Так, однажды в центр попал мужчина, который «всю жизнь пил». «Я ему при первой встрече сказал: отправлю в места лишения свободы, если ты хоть глоток здесь сделаешь (администрация центра имеет право подать в суд ходатайство об ужесточении наказания.— “Ъ”). Год, от звонка до звонка, он не пил,— вспоминает Владимир Киров.— Когда он освобождался, я ему сказал: "Леш, оставайся здесь, в Кашире. Продолжай работать. Домой вернешься — опять пить начнешь". Но он уехал, а через полгода позвонил и сказал: "Владимир Саныч, заберите меня обратно, я снова запил"».
МРОТ не приговор
Большинство проживающих в каширском центре трудятся на производстве картона в АО «Гофрон». Его исполнительный директор Алексей Белодворцев рассказал корреспонденту “Ъ”, что предприятие предлагает осужденным самые разные должности — от водителей погрузчиков и съемщиков картона до машинистов гофротары и гофроагрегата.
Вакансии распределяются с учетом образования, опыта работы и особенностей здоровья. Поэтому у одних получается 8-часовой рабочий день с графиком 5/7, а у других — 12-часовой с графиком 2/2. «Осужденные работают в соответствии с Трудовым кодексом,— подчеркивает Владимир Киров.— Но в данном случае кодекс не регулирует порядок приема и увольнения с работы, а также правила предоставления отпусков. То есть приговоренный к принудительным работам не может уволиться по собственному желанию. А ежегодный отпуск составляет не 28, а 18 дней».
Тем не менее во время отпуска осужденные могут надолго покинуть центр — съездить к родным в другой регион или даже отдохнуть на море. Правда, для этого нужно получить разрешение начальника центра.
Осужденные, как и вольнонаемные сотрудники, получают зарплату. Ее минимальный размер — 1 МРОТ, сейчас это 22 440 руб. в месяц. В «Гофроне» столько платят осужденным на должностях, не требующих высокой квалификации, и они получают меньше, чем «вольные» коллеги, признает Алексей Белодворцев.
Но в случае карьерного роста доходы заметно растут, уверяет он: «Машинисты — это высококвалифицированные специалисты. Они проявили инициативу, и мы сами их всему научили. Мы двигаем тех, у кого есть желание,— переводим из разряда разнорабочих на штатную должность. Позже их зарплаты выравниваются с теми, кто пришел на работу с воли».

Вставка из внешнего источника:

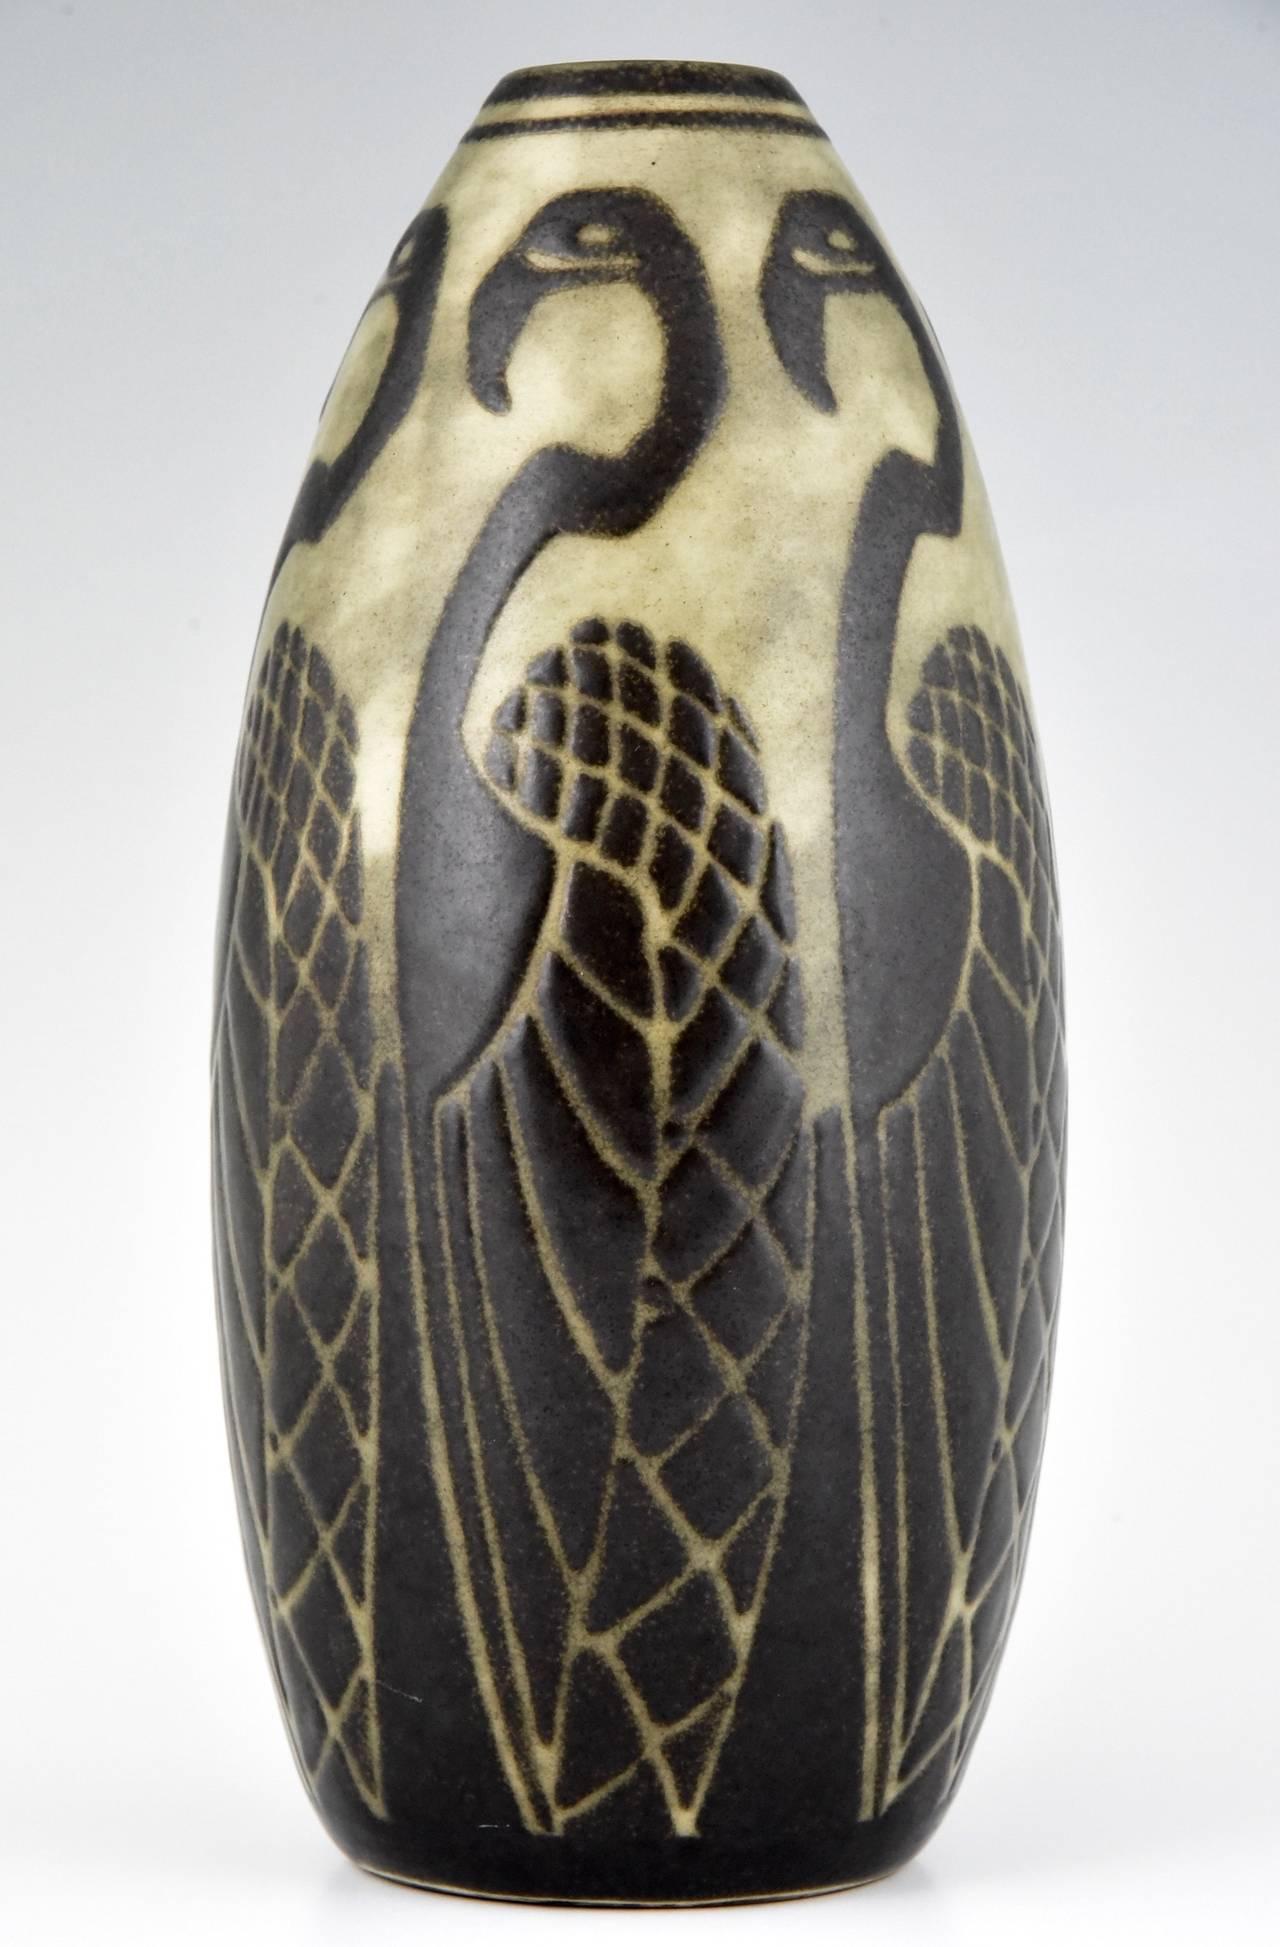 Art Deco Flamingo Vase By Charles Catteau Keramis Belgium

«Верхней планки по закону нет — они могут заработать столько, сколько хотят. Все зависит от их способностей и желаний,— утверждает подполковник Киров.— Осужденные могут обучиться новой специальности на производстве, продвинуться по карьерной лестнице, а также получать надбавку за сверхурочные». По его словам, часть осужденных в центре зарабатывает больше 100 тыс. руб. в месяц.
Правда, по закону все они обязаны отчислять государству часть зарплаты — но не более 20%.
«Если у осужденного изменились обстоятельства — например, родился ребенок, которого нужно обеспечивать,— он вправе подать заявление на снижение процента. Если суд согласится с его аргументами, то снизит. У нас были такие прецеденты»,— говорит начальник центра. Также из дохода осужденных вычитается оплата коммунальных услуг — электричества, воды и газа. По словам господина Кирова, эта сумма не превышает 1 тыс. руб.
Фото: Архив Юлии Мухиной
Зарплата в размере 1 МРОТ с последующими вычетами в пользу государства и на оплату ЖКХ соответствует законодательству, подтвердила “Ъ” адвокат МКА «Вердиктъ» Юлия Мухина. Но в ст. 107 Уголовно-исполнительного кодекса РФ четко указано: после всех удержаний на лицевой счет осужденного должно поступить не менее 25% от начисленной заработной платы, пенсии или иных доходов. Если это требование нарушается, осужденный может обратиться в суд.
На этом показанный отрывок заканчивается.